Federated Learning (FL) offers a decentralized approach to model training, where data remains local and only model parameters are shared between the clients and the central server. Traditional methods, such as Federated Averaging (FedAvg), linearly aggregate these parameters which are usually trained on heterogeneous data distributions, potentially overlooking the complex, high-dimensional nature of the parameter space. This can result in degraded performance of the aggregated model. While personalized FL approaches can mitigate the heterogeneous data issue to some extent, the limitation of linear aggregation remains unresolved. To alleviate this issue, we investigate the generative approach of diffusion model and propose a novel generative parameter aggregation framework for personalized FL, \texttt{pFedGPA}. In this framework, we deploy a diffusion model on the server to integrate the diverse parameter distributions and propose a parameter inversion method to efficiently generate a set of personalized parameters for each client. This inversion method transforms the uploaded parameters into a latent code, which is then aggregated through denoising sampling to produce the final personalized parameters. By encoding the dependence of a client's model parameters on the specific data distribution using the high-capacity diffusion model, \texttt{pFedGPA} can effectively decouple the complexity of the overall distribution of all clients' model parameters from the complexity of each individual client's parameter distribution. Our experimental results consistently demonstrate the superior performance of the proposed method across multiple datasets, surpassing baseline approaches.
Paper Structure (32 sections, 14 equations, 4 figures, 2 tables, 1 algorithm)

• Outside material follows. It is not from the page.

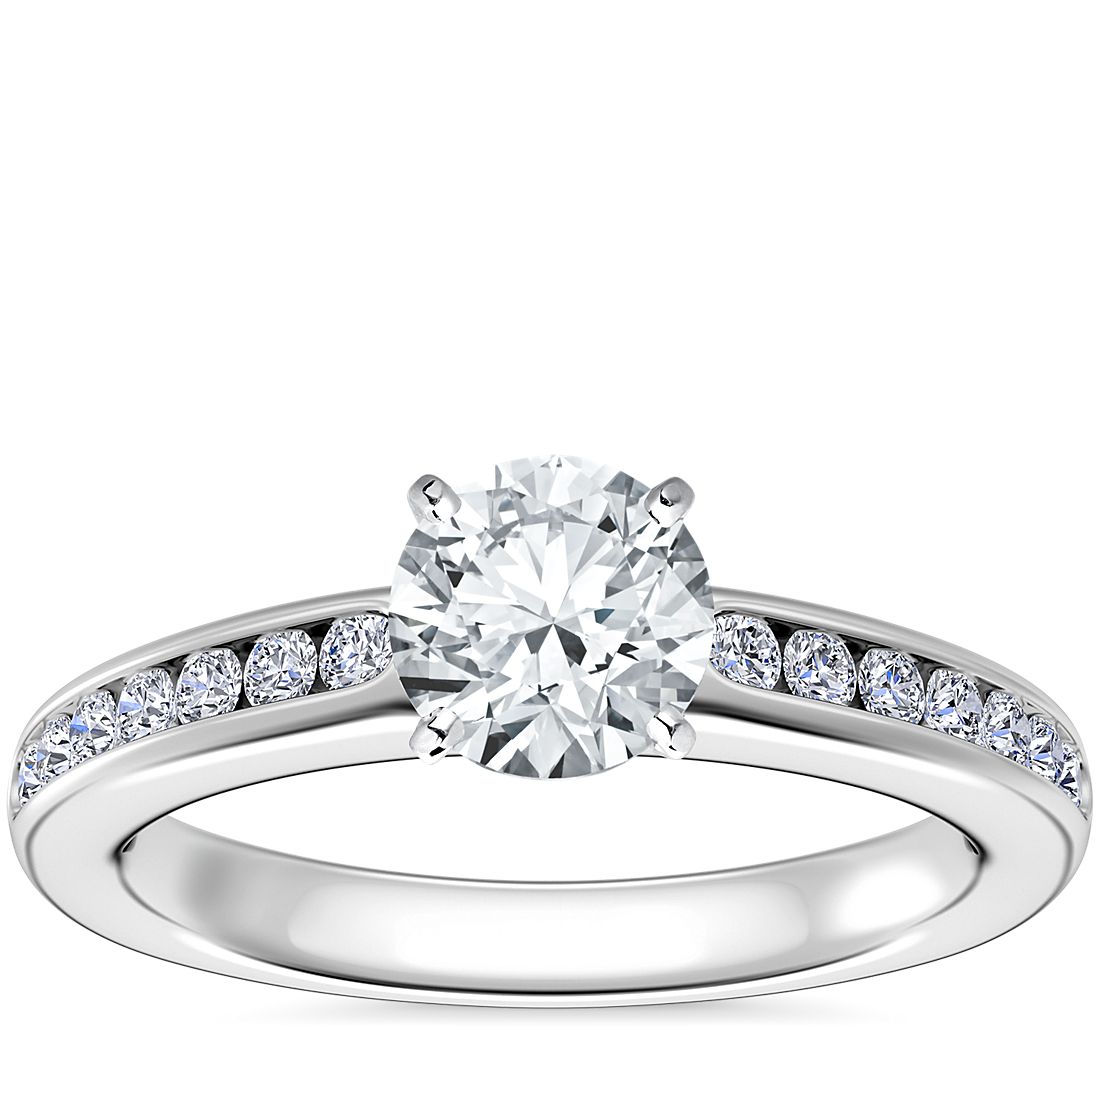 Channel Set Round Diamond Engagement Ring in 14k White (1/4 ct. tw.) | Nile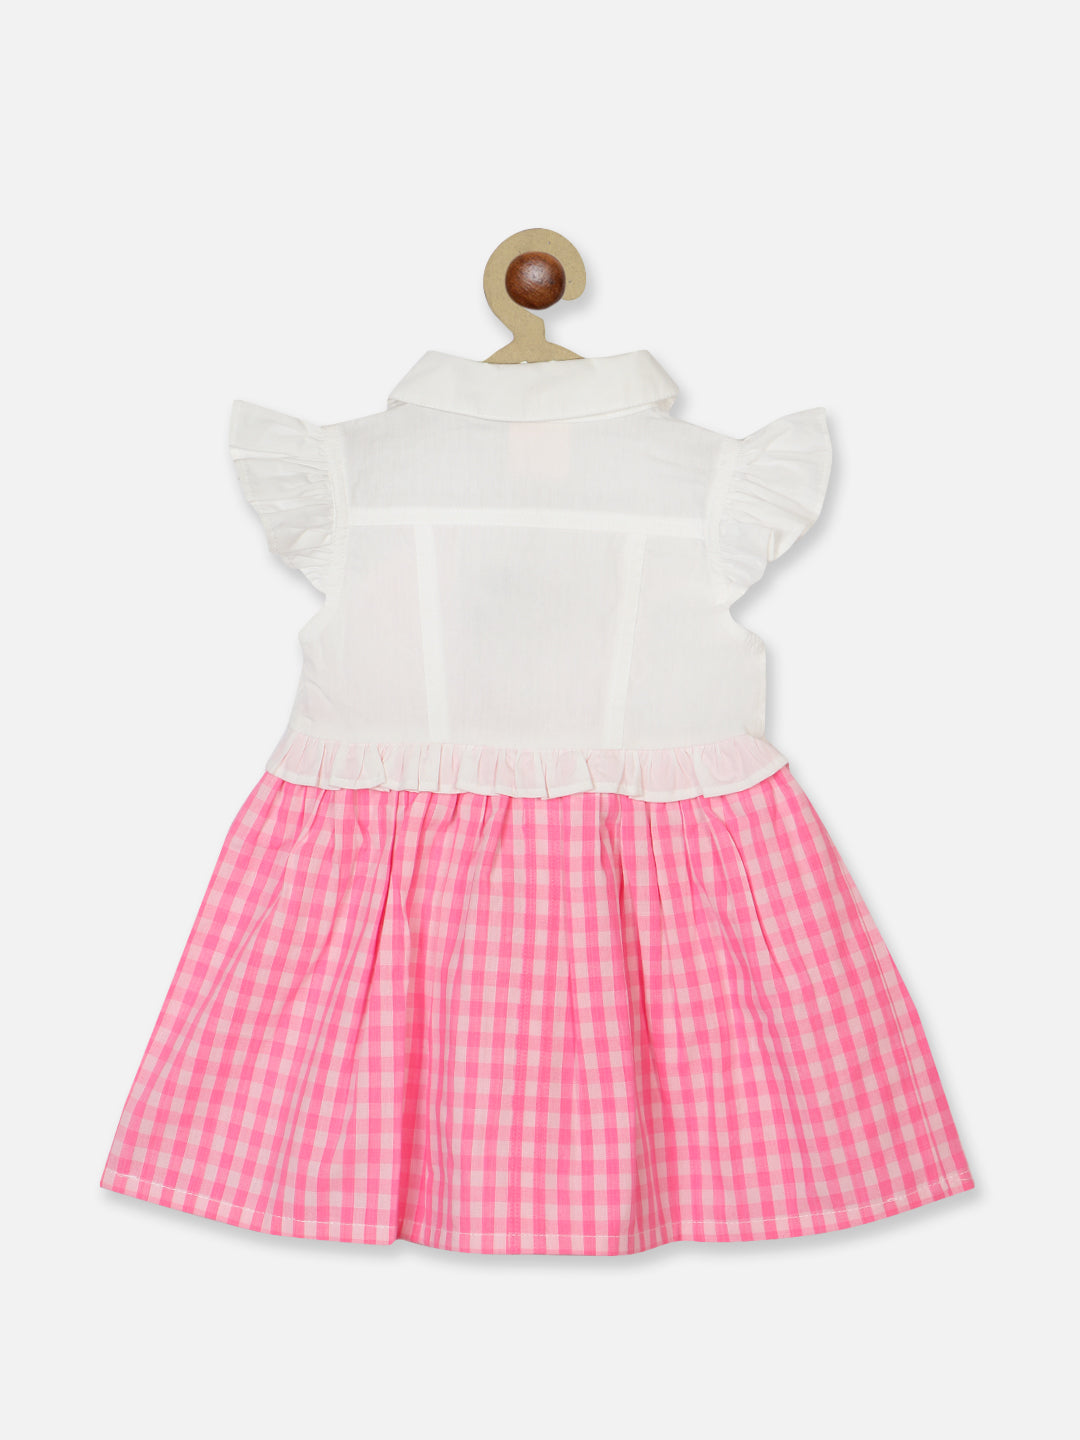 Nautinati Infants Checked Peter Pan Collar Ruffled Detailed Pure Cotton A-Line Dress

This paper contains 32 sections, 14 equations, 4 figures, 2 tables, 1 algorithm.

Figures (4)

  • Figure 1: Parameter collapse can occur when linearly averaging the parameters from different clients. Bright colors indicate high-probability regions of the parameter space, where the parameters located at the peaks of the model distribution are well-optimized for specific tasks.
  • Figure 2: Illustration of the training process for a new client $k$ with and without global guidance. The green arrows represent training starting from the initial parameters $\theta^{k}_{0}$ solely on local data $D_{k}$, gradually converging to the final optimized parameters $\theta^{k}_{*}$ within $S$ iterations. The purple arrows indicate training with global guidance $G$ alternated with local data training, which accelerates initialization and converges within $I \ll S$ iterations.
  • Figure 3: Illustration of the Parameter Inversion. Starting with the initial parameter $\theta_{0}$, it is diffused through several steps to reach $\theta_{1}, \dots, \theta_{T}$. During this process, the noise introduced between consecutive time steps and the final state $\theta_{T}$ are recorded as the latent code for $\theta_{0}$. In the denoising sampling phase of the diffusion model, these elements are gradually encoded to produce a new parameter $\tilde{\theta}_{0}$. Notice that it is challenging to obtain $\tilde{\theta}_{0}$ directly from $\theta_{0}$ using a linear aggregator.
  • Figure 4: Comparison of test accuracies across 20 clients on Fashion-MNIST and CIFAR-10 using the pFedGPA method, before and after the fine-tuning (FT) operation, with and without parameter inversion. Dashed lines indicate results before FT, and solid lines indicate results after FT.